By Jay Katz, Field Ombudsman
I have worked in the field of disability for over 40 years. It’s been profoundly uplifting, interacting with individuals who fiercely strive to achieve, learn, and be independent. I’ve been blessed to know their families, and share in their accomplishments.
Most of my professional life as a Social Worker has been with people who have developmental disabilities, Downs Syndrome, Cerebral Palsy and Autism. Each day posed different issue, some culminating in moments of success, and some that left me frustrated and sad. But those experiences were real, with real people, and with people who shaped my life.
I am now retired and volunteering with San Mateo County Ombudsman, where I can continue to serve extraordinary people living with disabilities, and working alongside staff and volunteers who share my passion.
As expected, with this new professional endeavor, I am learning new aspects of disability. One issue in particular has disturbed me. It involves communication between family or residential care home staff and hospitals, when individuals with developmental disabilities are admitted. Not all individuals who live in residential homes have family-members to be advocates on their behalf. On two separate occasions, at two different hospitals this year, I was made aware of individuals who were sent to hospitals without adequate information being transferred to hospital-staff related to the patient’s eating/swallowing factors, communication issues, or decision-making abilities. As a result of this gap in communication, serious consequences occurred.
As with most hospital issues, the factors are complex. Each hospital is different, and have staff with different professional experiences. Their experiences with people with developmental disabilities is not always extensive. Admitting such an individual may be challenging. Upon admittance, if the patient is unable to provide a detailed explanation of important factors such as swallowing/eating ability, the hospital should inquire and find out the answer. This in-depth actions is not a guarantee.

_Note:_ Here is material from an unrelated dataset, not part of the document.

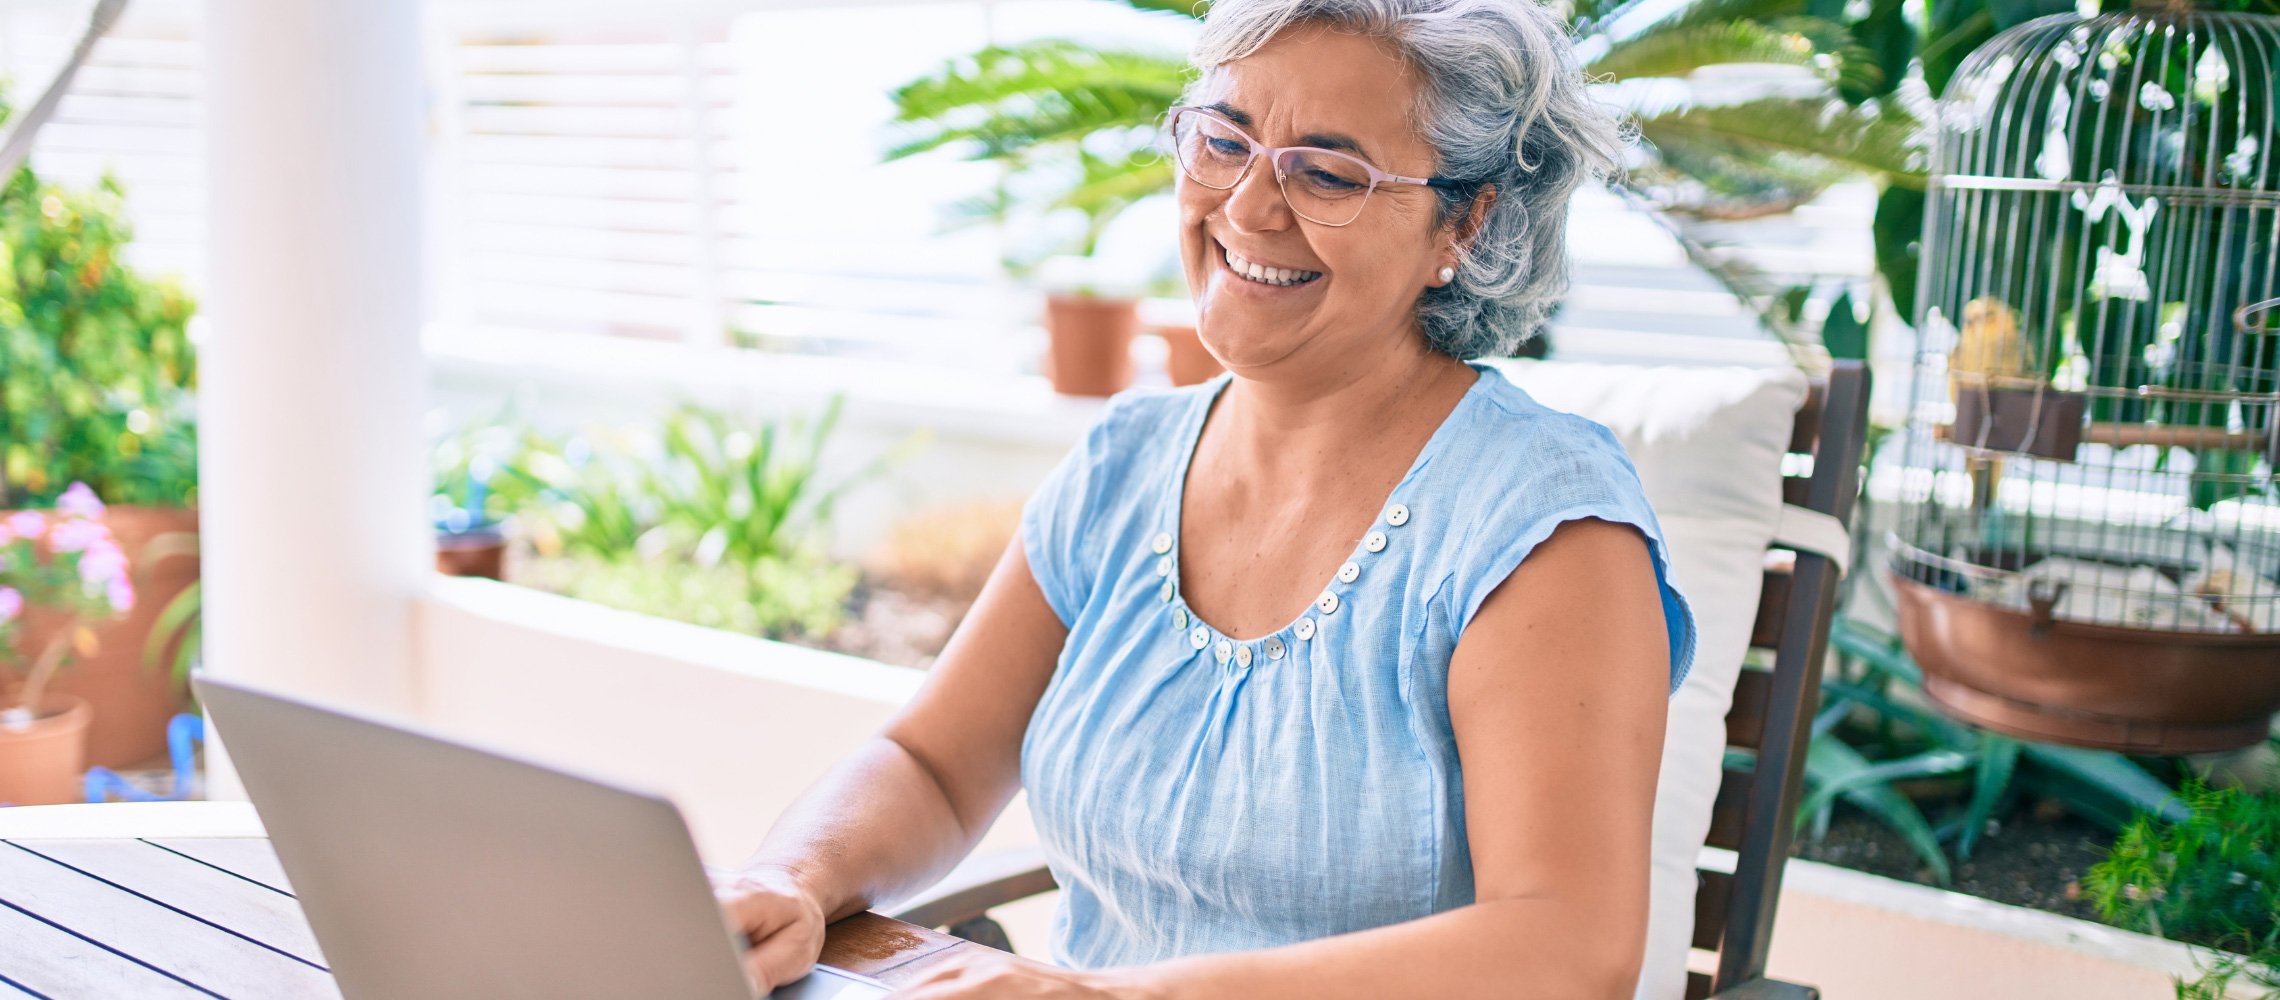 Elderly lady smiling at laptop while seated
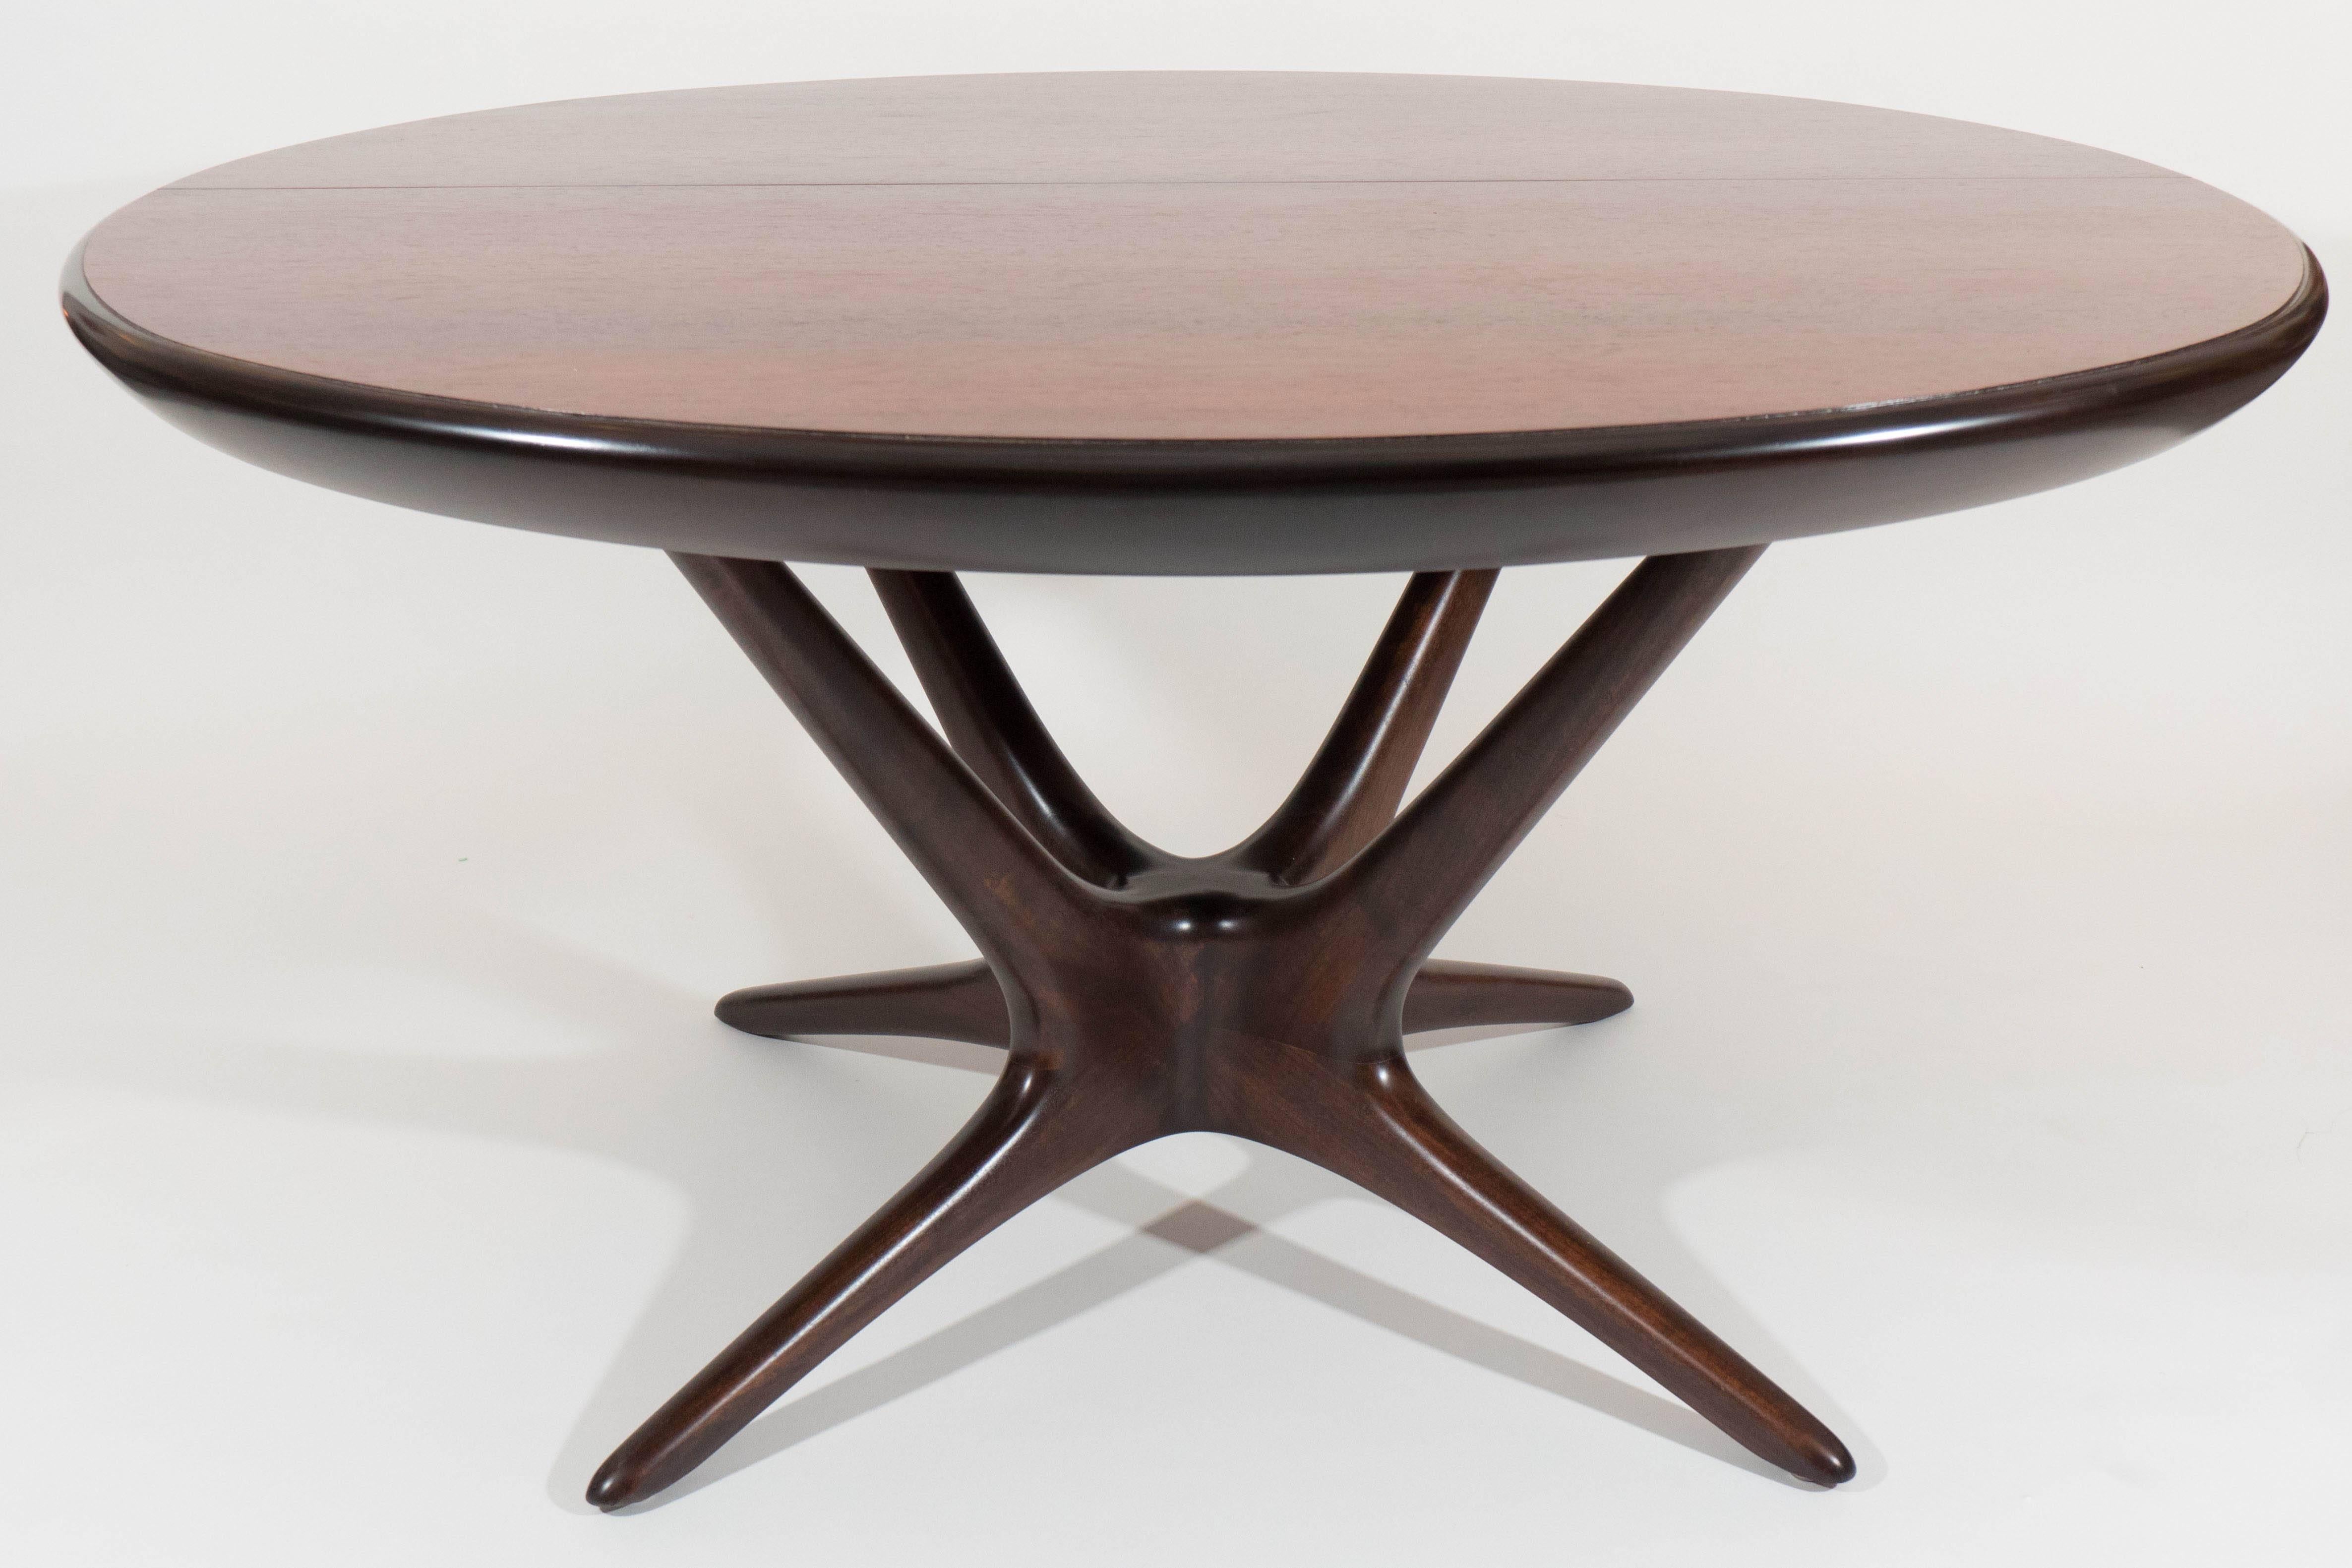 Rosewood Rare and Large Vladimir Kagan Dining Table with Leaves

If a residential care home administrator or family member is in attendance during the admittance, they should be asking questions as well as providing details about swallowing, communication challenges, and patient behavior/aptitude. The problem is that too much important information is “assumed.” Ramifications of improper assumptions can be catastrophic.
Clearly, when admitted, the hospital must be aware of “who is the patient’s go-to person” or advocate, and the hospital should never hesitate to use this person. Developmental disabilities, and other conditions, are incredibly complex. Just because a person is in a hospital doesn’t mean that the facility has all the answers. Issues of daily living skills must be explained in detail. And, when answers are provided, that information needs to be passed-down from the Administration to every Nurse and Attendant involved in their care. This communication-action is attempted, but is not automatic, and again, should not be assumed.
When I look at this overall problem, it is so overwhelming that I don’t know where to start. Every hospital is doing their best to improve. Nevertheless, residential care home staff, and hospital personnel, need to be assess their procedures…they need to re-think and refine systems so that individuals with developmental disabilities are receiving the best care possible.
Advocates for the patients must ask questions, check-in frequently at different times of the day, follow-through, and make their presence known. For people who are not able to communicate their needs and abilities, professionals must take the lead. It starts with communication and not assuming anything. Our role as Ombudsman and advocate can be major factor in assisting to keep people on-task.